EXERCISE MATERIAL:
[Start of section]

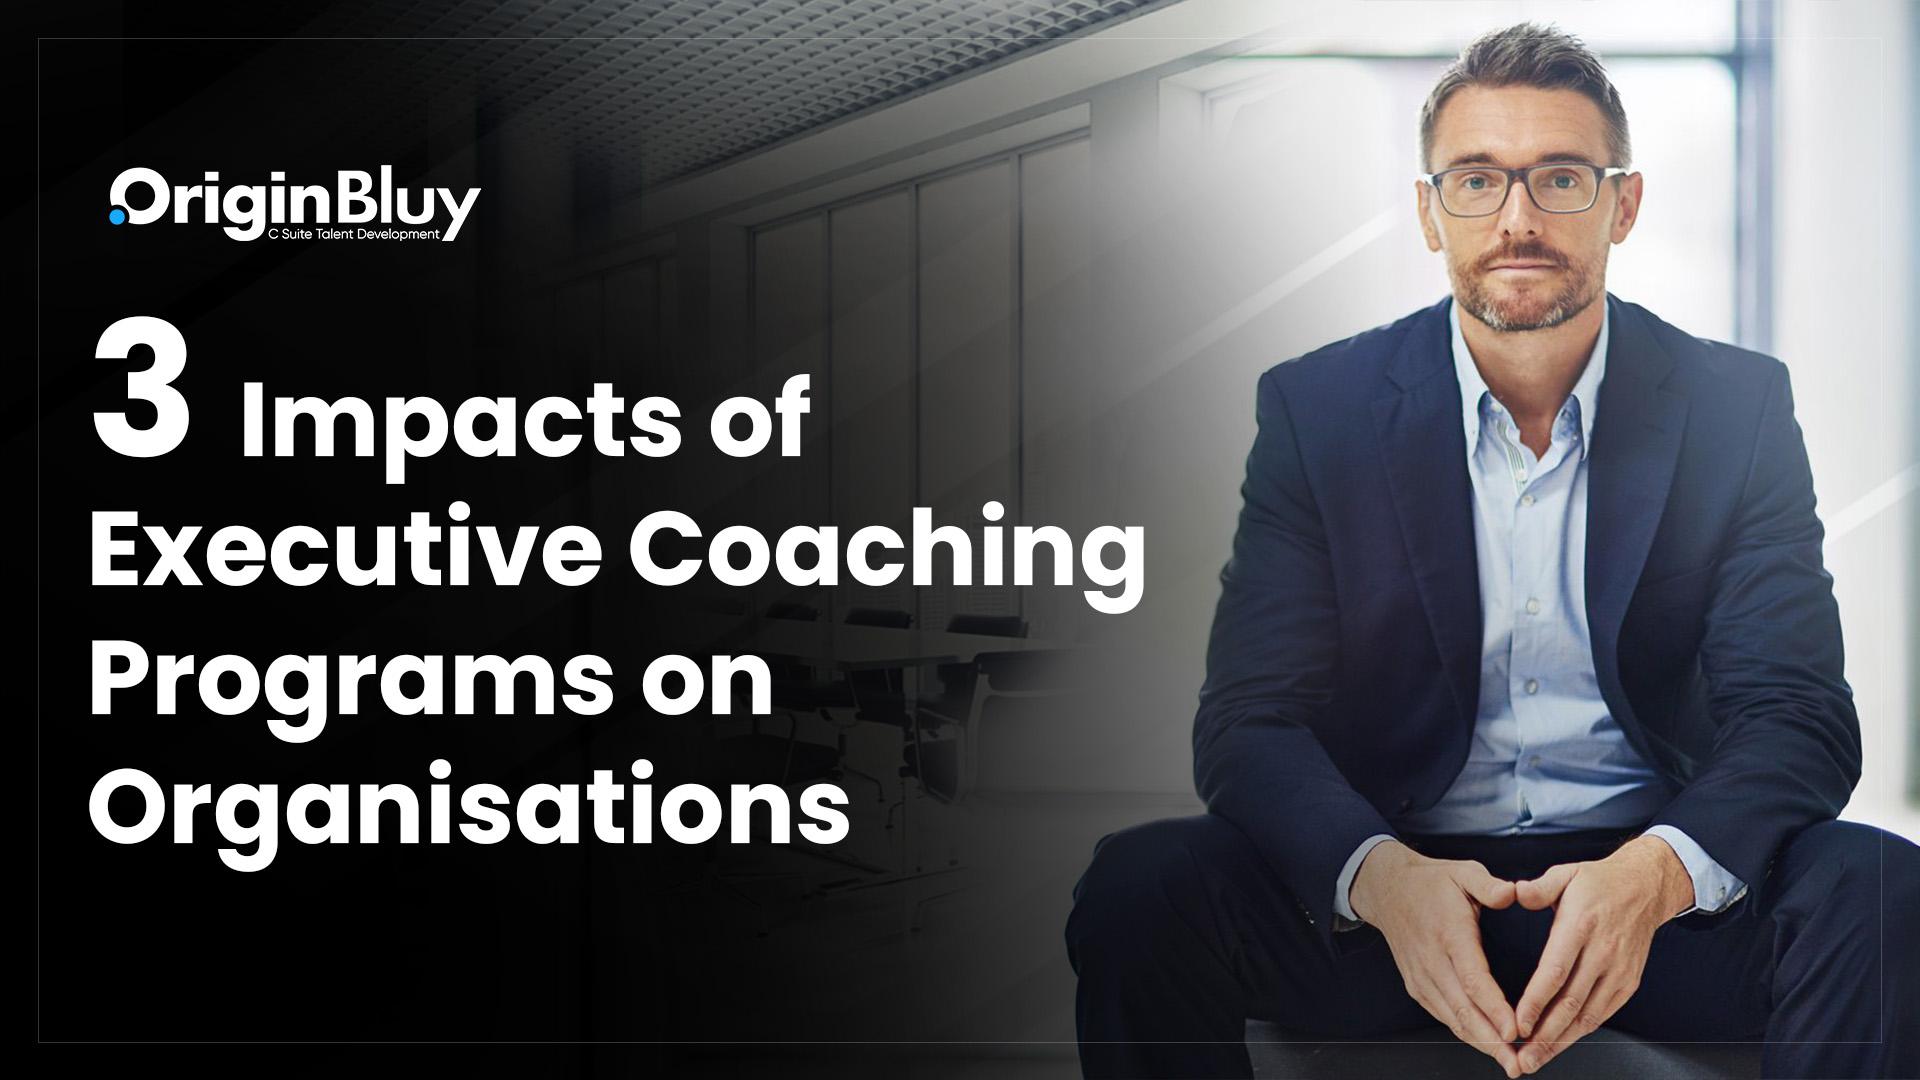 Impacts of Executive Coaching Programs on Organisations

[End of section]
[Start of section]

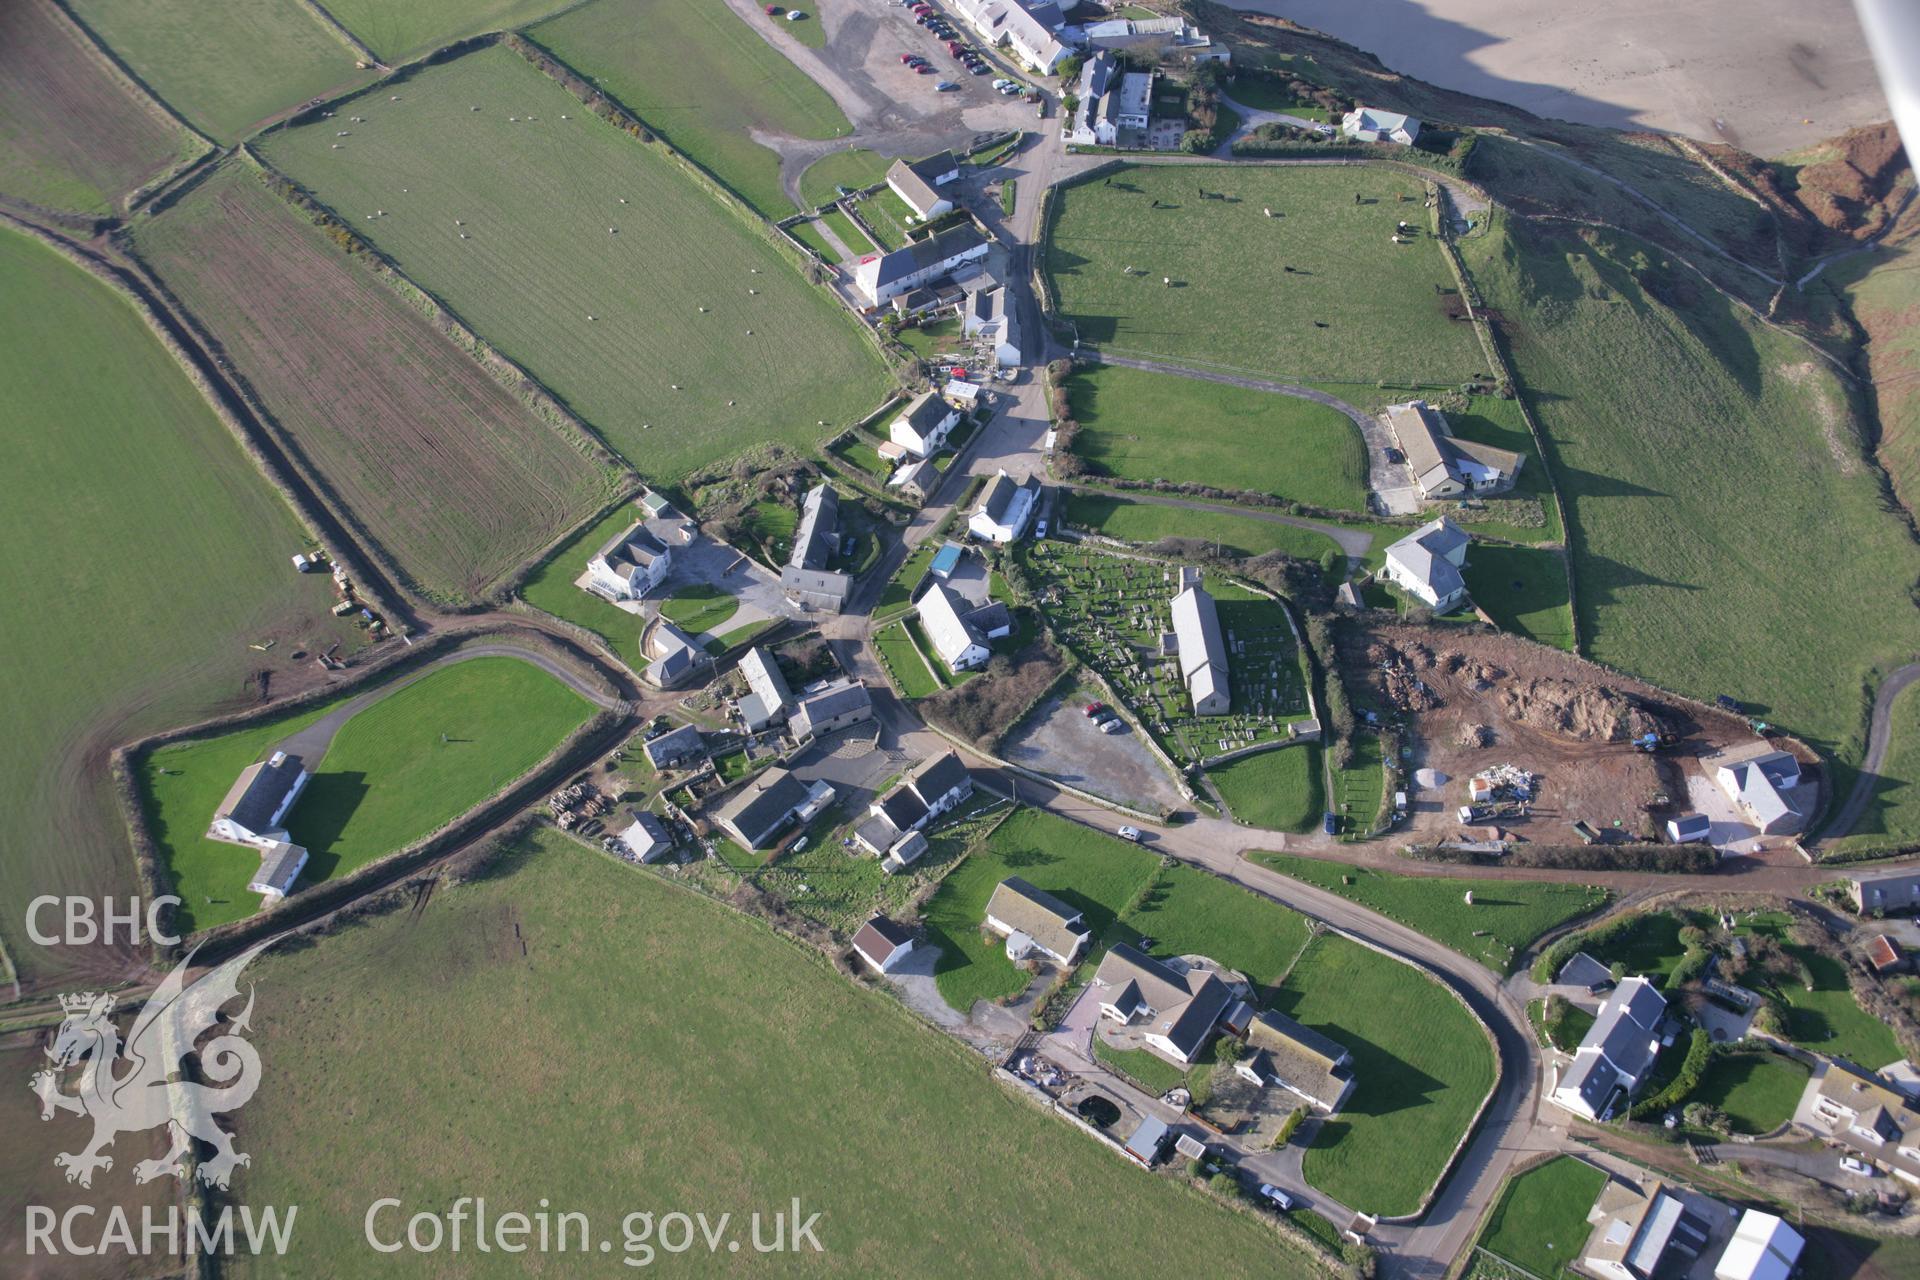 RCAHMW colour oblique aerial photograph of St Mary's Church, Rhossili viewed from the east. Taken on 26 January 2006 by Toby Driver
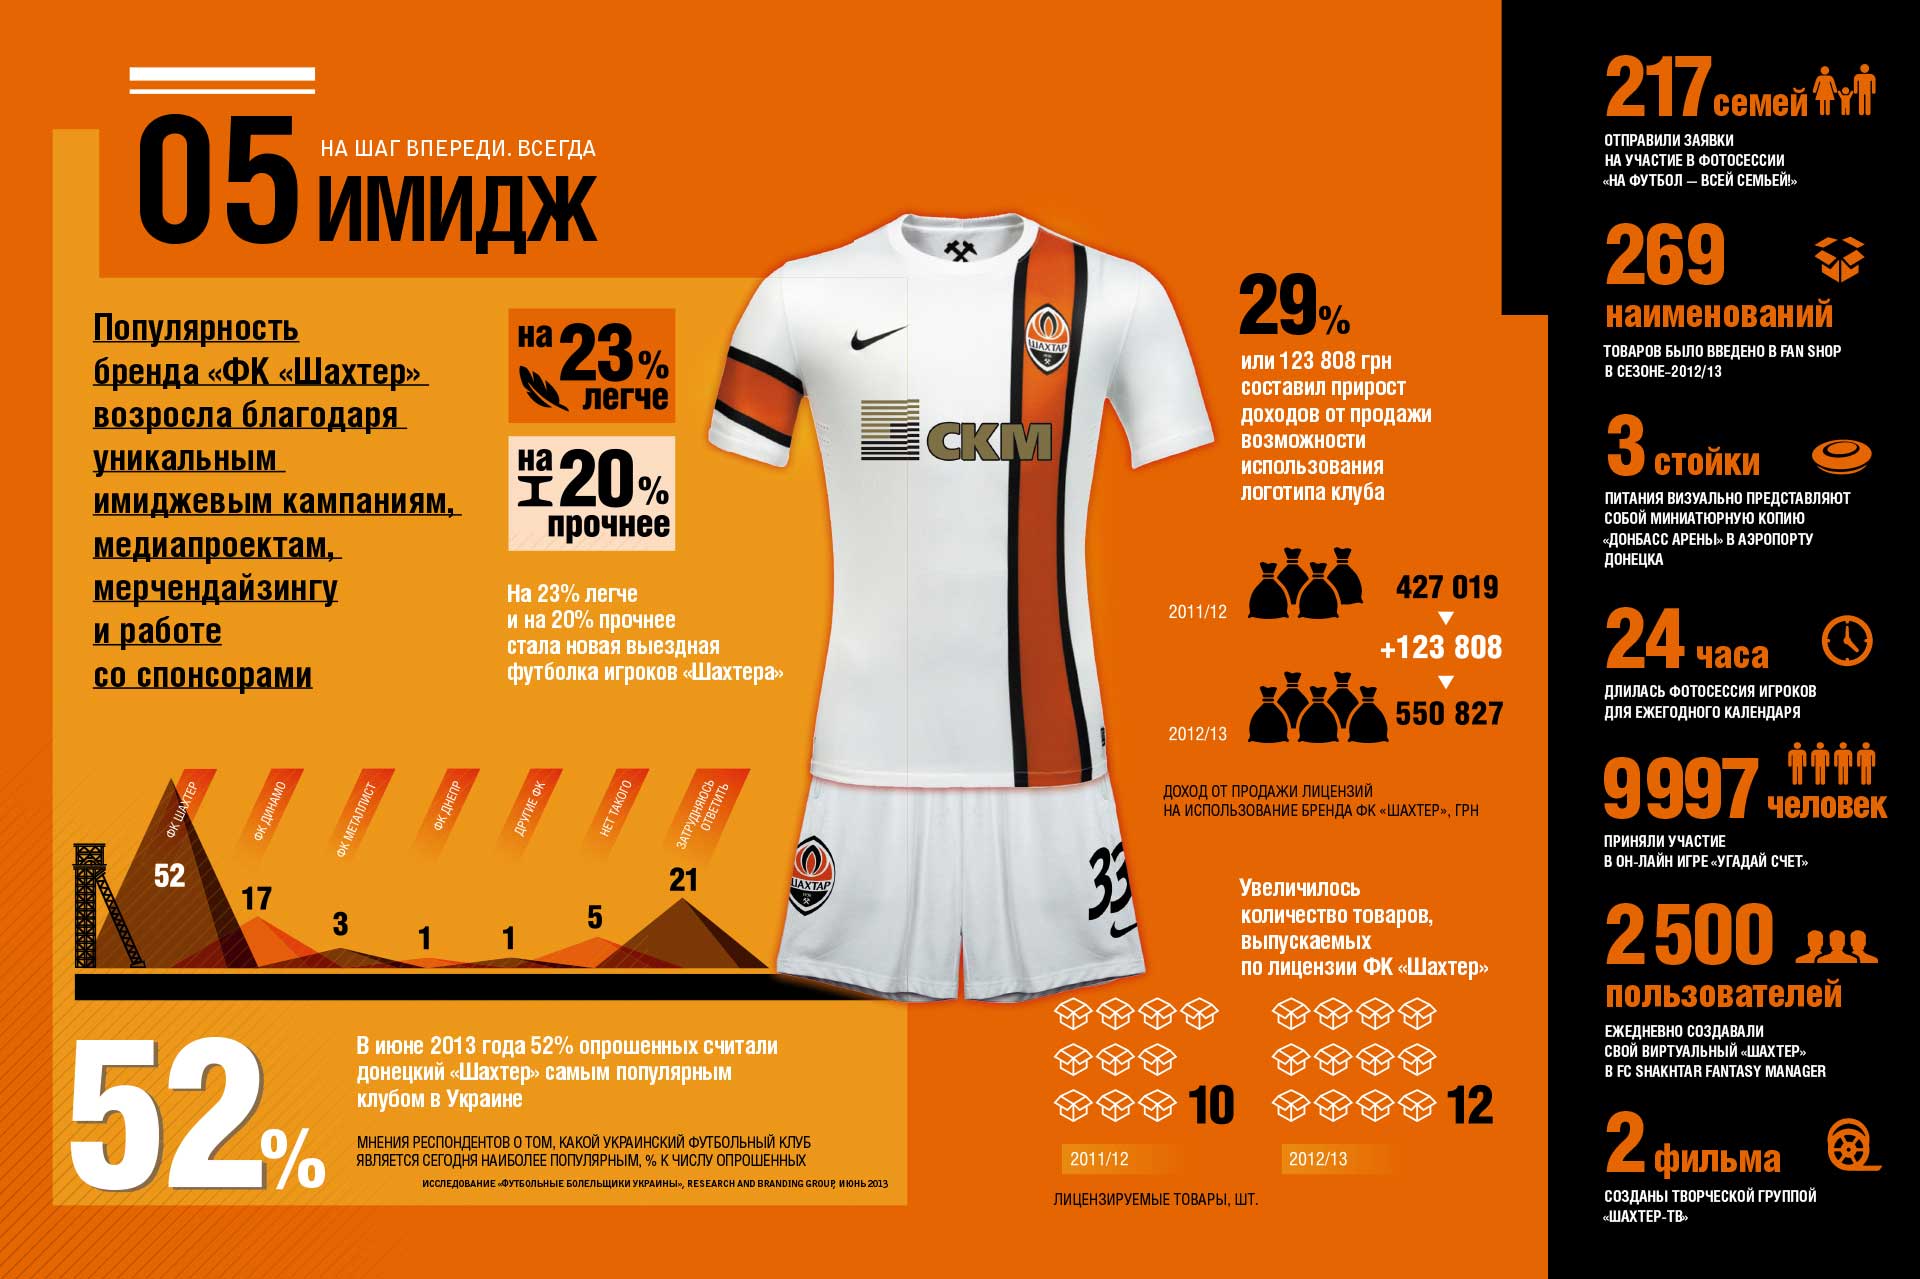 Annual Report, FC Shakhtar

[End of section]
[Start of section]

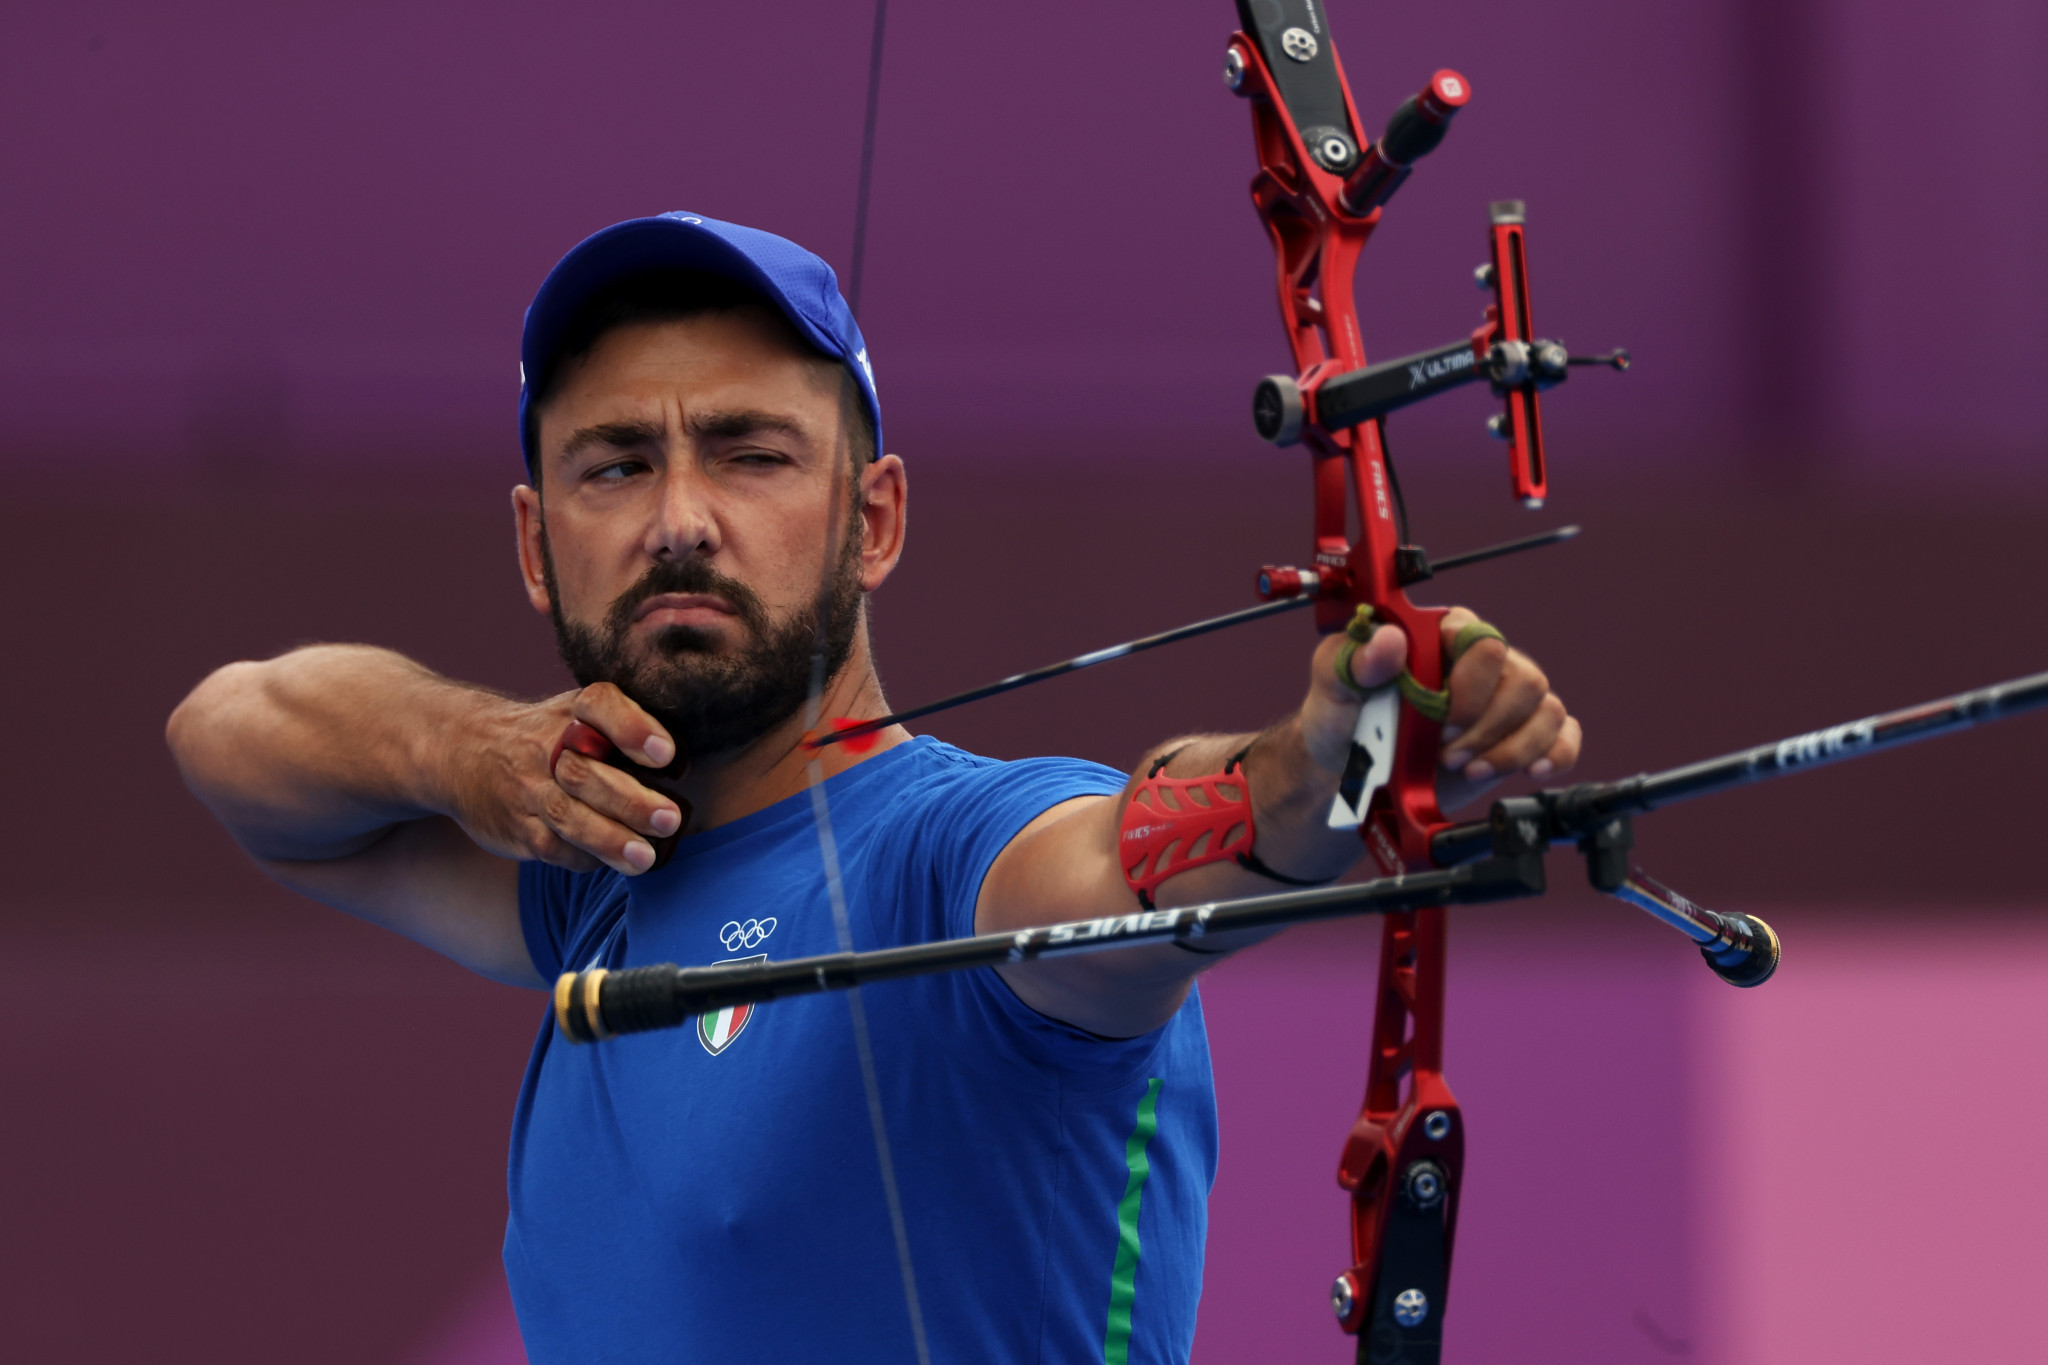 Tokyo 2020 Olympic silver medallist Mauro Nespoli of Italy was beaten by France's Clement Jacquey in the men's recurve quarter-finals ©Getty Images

[End of section]

WHAT THIS TASK INVOLVES:
All that should be printed is the run of lines above from the one with "RCAHMW colour oblique" through the one with "Annual Report, FC Shakhtar", both included, exactly as given, with pictures left out.

SOLVED EXERCISE:
 RCAHMW colour oblique aerial photograph of St Mary's Church, Rhossili viewed from the east. Taken on 26 January 2006 by Toby Driver
 Annual Report, FC Shakhtar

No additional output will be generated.